Field testsThe population of 94 F4 or F5 families as well as their parental lines was used for investigation of eight agronomic traits (Table 1). For scoring the ovule (OV) and seed numbers (SE) per silique, each F4 RIL was grown in a heated greenhouse under a natural photoperiod until June 2008. For the other agronomic traits, F5 RILs were cultivated under natural conditions in an open field of the Kyoto Prefectural University Farm (Seika, Kyoto, Japan). Six plants per each RIL were cultivated from mid-September to mid-December. The field test was performed once in 2008 and 2009, respectively. Plant shape (PS) and pubescence (Pub) were categorized visually on 1–5 scales two months after sowing (Table 1 and Supplemental Fig. 2). Fresh weights for the following parts were measured at harvest (three months after sowing). After measurement of whole plant weight (WW), plant tops were removed to measure upper part weight (UW). The remainder (hypocotyls and roots) was taken as whole root weight (RW). The whole root was separated into main and lateral roots to measure main root weight (MW) and lateral root weight, respectively. The lateral root weight trait was excluded from further analysis because the variation was small (data not shown). After removal of extreme outliers, the mean score of the six F5 plants for each line was used as data for each F4 line.

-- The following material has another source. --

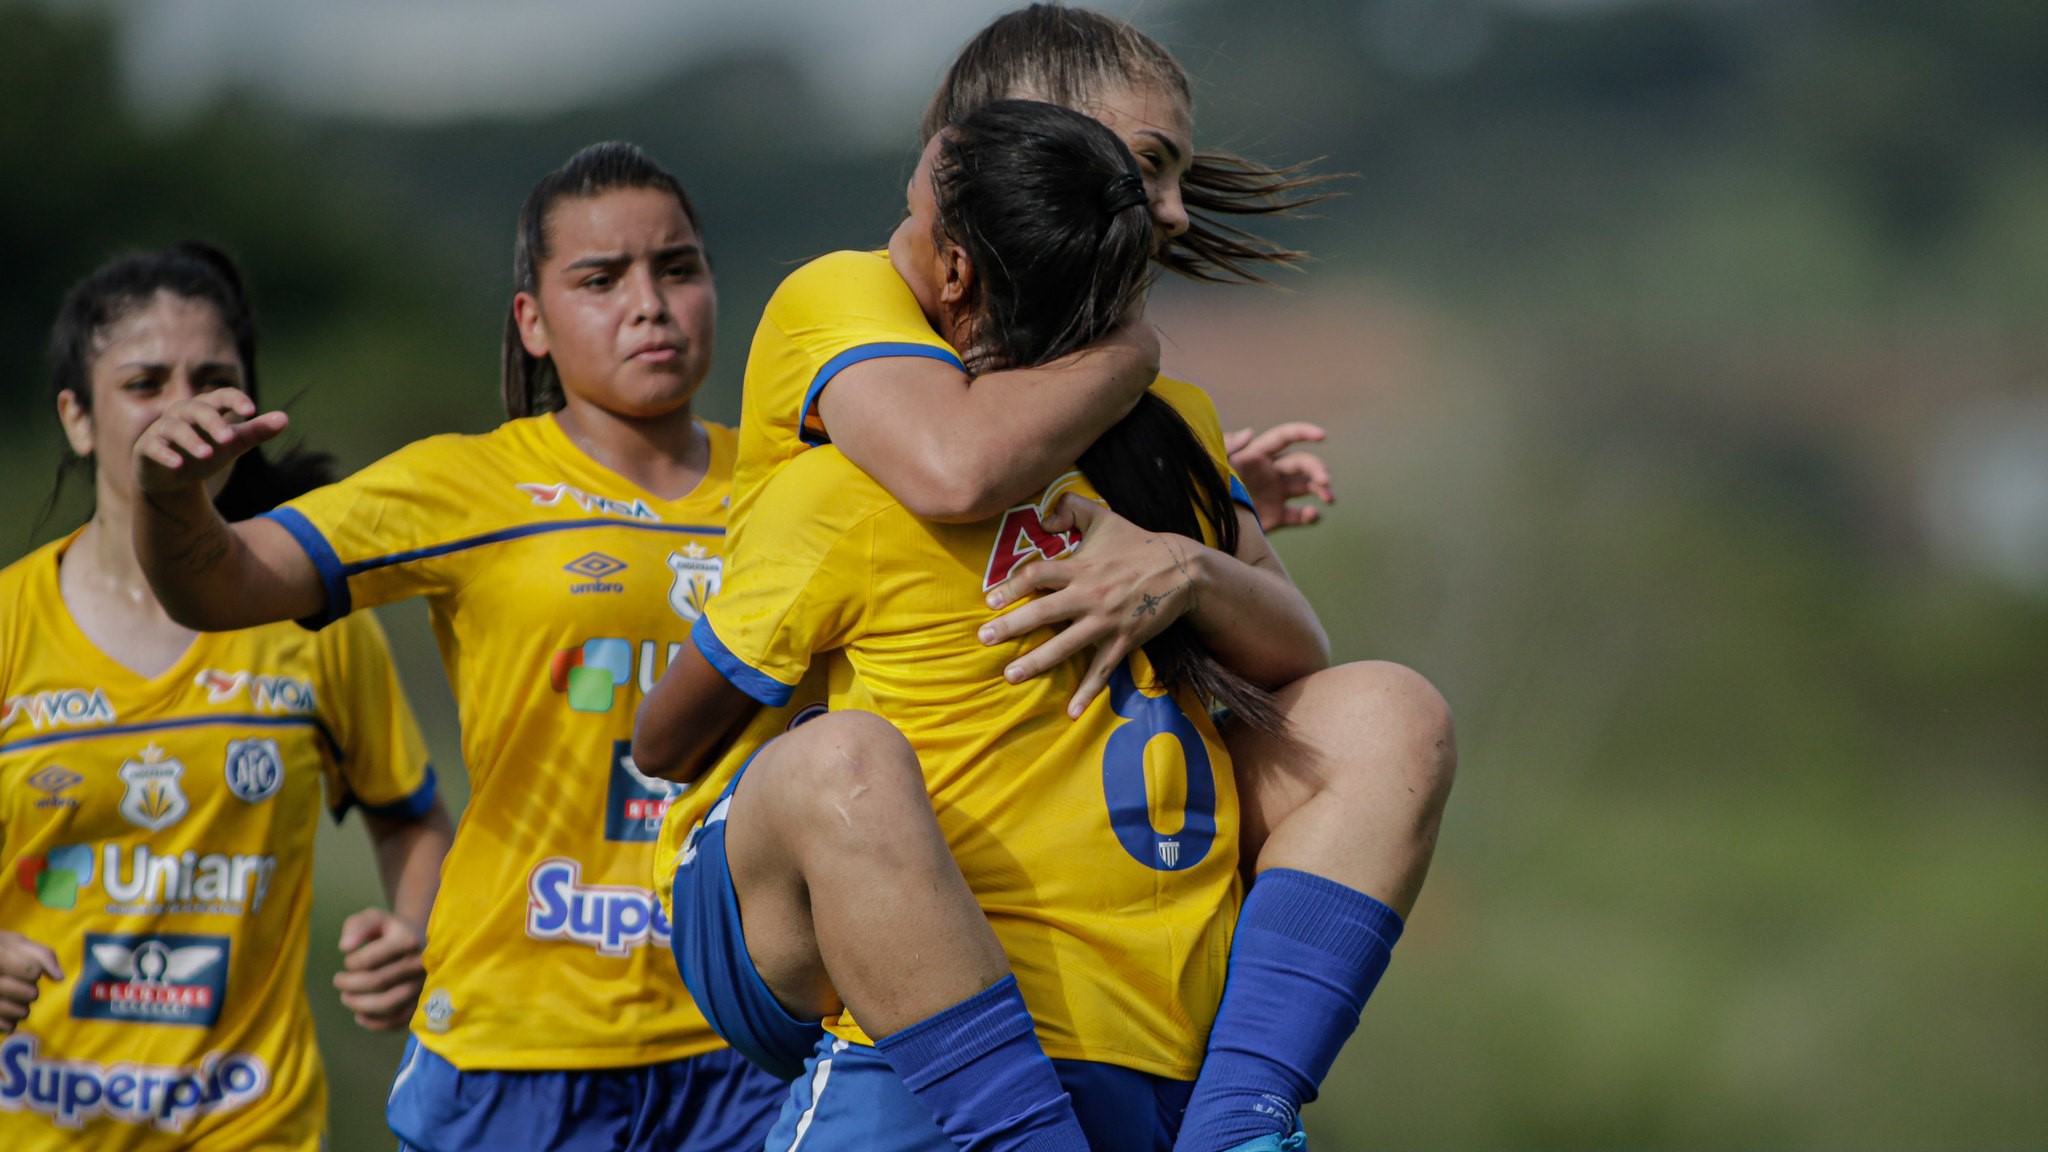 Avaí/Kindermann estreia no Campeonato Brasileiro Feminino Sub-20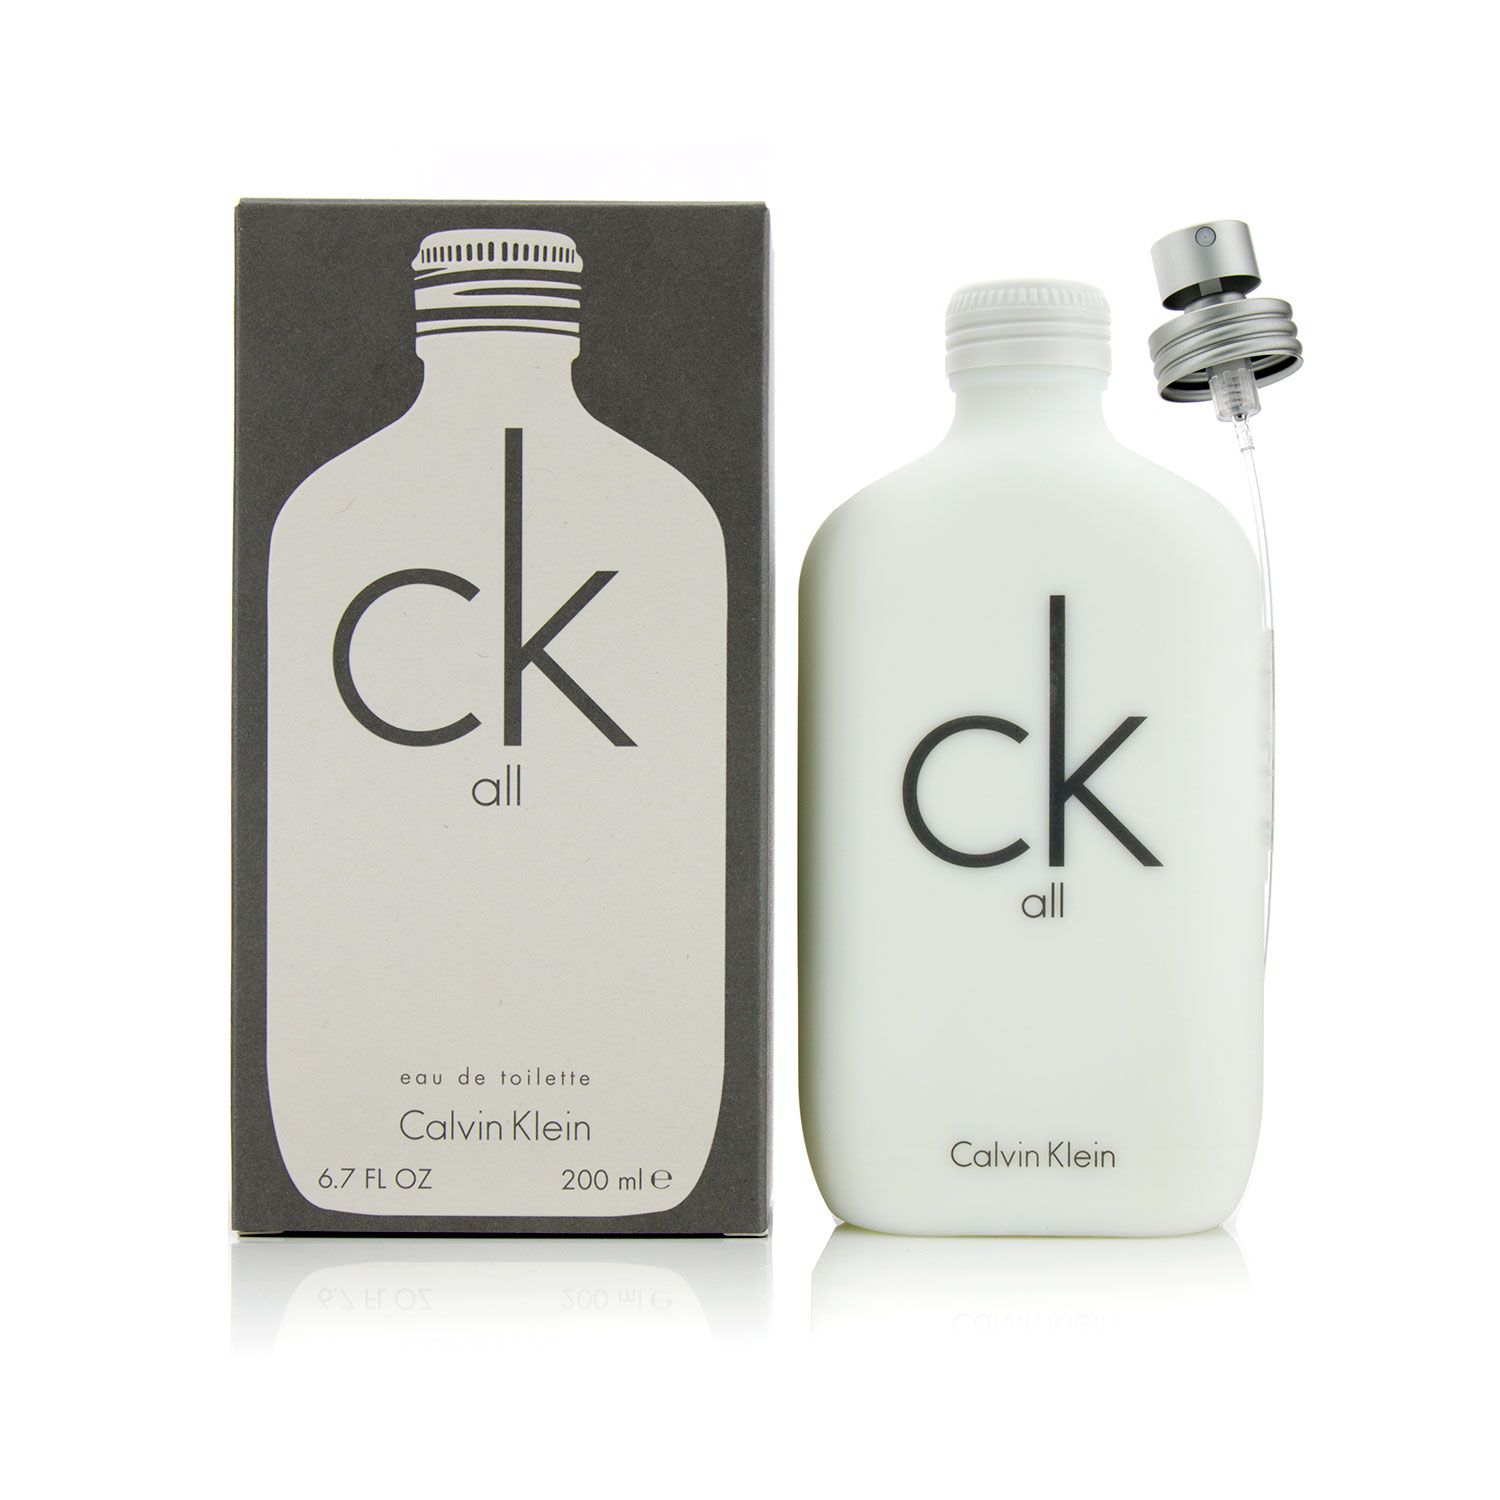 卡文克萊 CK Calvin Klein - CK All 中性淡香水

| Trait | Abbreviation | Year | Mean (±SD) in RIL | Range in RIL | Mean (±SD) in rat-tail radish | Mean (±SD) in Haru-S |
|---|---|---|---|---|---|---|
| Ovule number per silique | OV | 2008 | 9.93 ± 2.07 | 5.00–16.25 | 9.40 ± 0.80 | 6.60 ± 0.49 |
| Seed number per silique | SE | 2008 | 3.09 ± 1.00 | 1.14–5.55 | N.D.c | 3.04 ± 1.51 |
| Plant shape | PS | 2008 | 3.1 ± 0.8 | 1–5a | 5 | 1 |
| 2009 | 3.2 ± 0.7 | 1–5a | 5 | 1 | ||
| Pubescence | Pub | 2008 | 2.9 ± 1.3 | 1–5b | 1 | 5 |
| 2009 | 2.9 ± 1.3 | 1–5b | 1 | 5 | ||
| Whole plant weight (g) | WW | 2008 | 598 ± 236 | 142.6–1516 | 982 ± 311 | 429 ± 173 |
| 2009 | 1267 ± 458 | 426.7–2890 | 2486 ± 1140 | 1038 ± 252 | ||
| Upper part weight (g) | UW | 2008 | 416 ± 173 | 119.8–1142 | 879 ± 268 | 232 ± 86.9 |
| 2009 | 1005 ± 385 | 341.7–2518 | 2346 ± 1096 | 716 ± 174 | ||
| Whole root weight (g) | RW | 2008 | 180 ± 119 | 16.8–648 | 103 ± 46.5 | 197 ± 88.4 |
| 2009 | 249 ± 174 | 26.0–801 | 135 ± 63.9 | 320 ± 83.4 | ||
| Main root weight (g) | MW | 2008 | 148 ± 96.3 | 15.7–534 | 87.5 ± 43.3 | 175 ± 76.3 |
| 2009 | 239 ± 165 | 26.0–744 | 123 ± 63.3 | 314 ± 84.8 |
Genomic DNA was extracted using the DNeasy Plant Mini Kit (Qiagen, Valencia, CA, USA) from a bulk of leaf tissue consisting on average of 13 F5 plants for each line, because the initial DNA extracted from F4 plants by the CTAB method was not of sufficient quality for AFLP analysis. We confirmed no significant incongruence in genotypes between the F4 and the bulked F5 DNAs for each line with tested markers (data not shown). AFLP was performed according to method described by Tsuro et al. (2008). SSR primers from B. rapa (Suwabe et al. 2006) and radish (Nakatsuji et al. 2011, Wang et al. 2007, this study) were randomly picked up to screen polymorphic markers between the parental lines. PCR amplification and electrophoresis were carried out as described previously (Saito et al. 2006). The published STS markers for B. rapa and radish (Kamei et al. 2010, Li et al. 2011, Niikura and Matsuura 1998, Saito et al. 2006) were also used. New STS markers were developed from the sequences of Arabidopsis, B. rapa and radish at the National Center for Biotechnology Information (NCBI) (http://www.ncbi.nlm.nih.gov/nucleotide/) and the Radish-Database (Supplemental Fig. 3, http://radish.plantbiology.msu.edu/index.php/Sequences:All) (their accession nos. AB630374-AB630382 and AB611697-AB611700).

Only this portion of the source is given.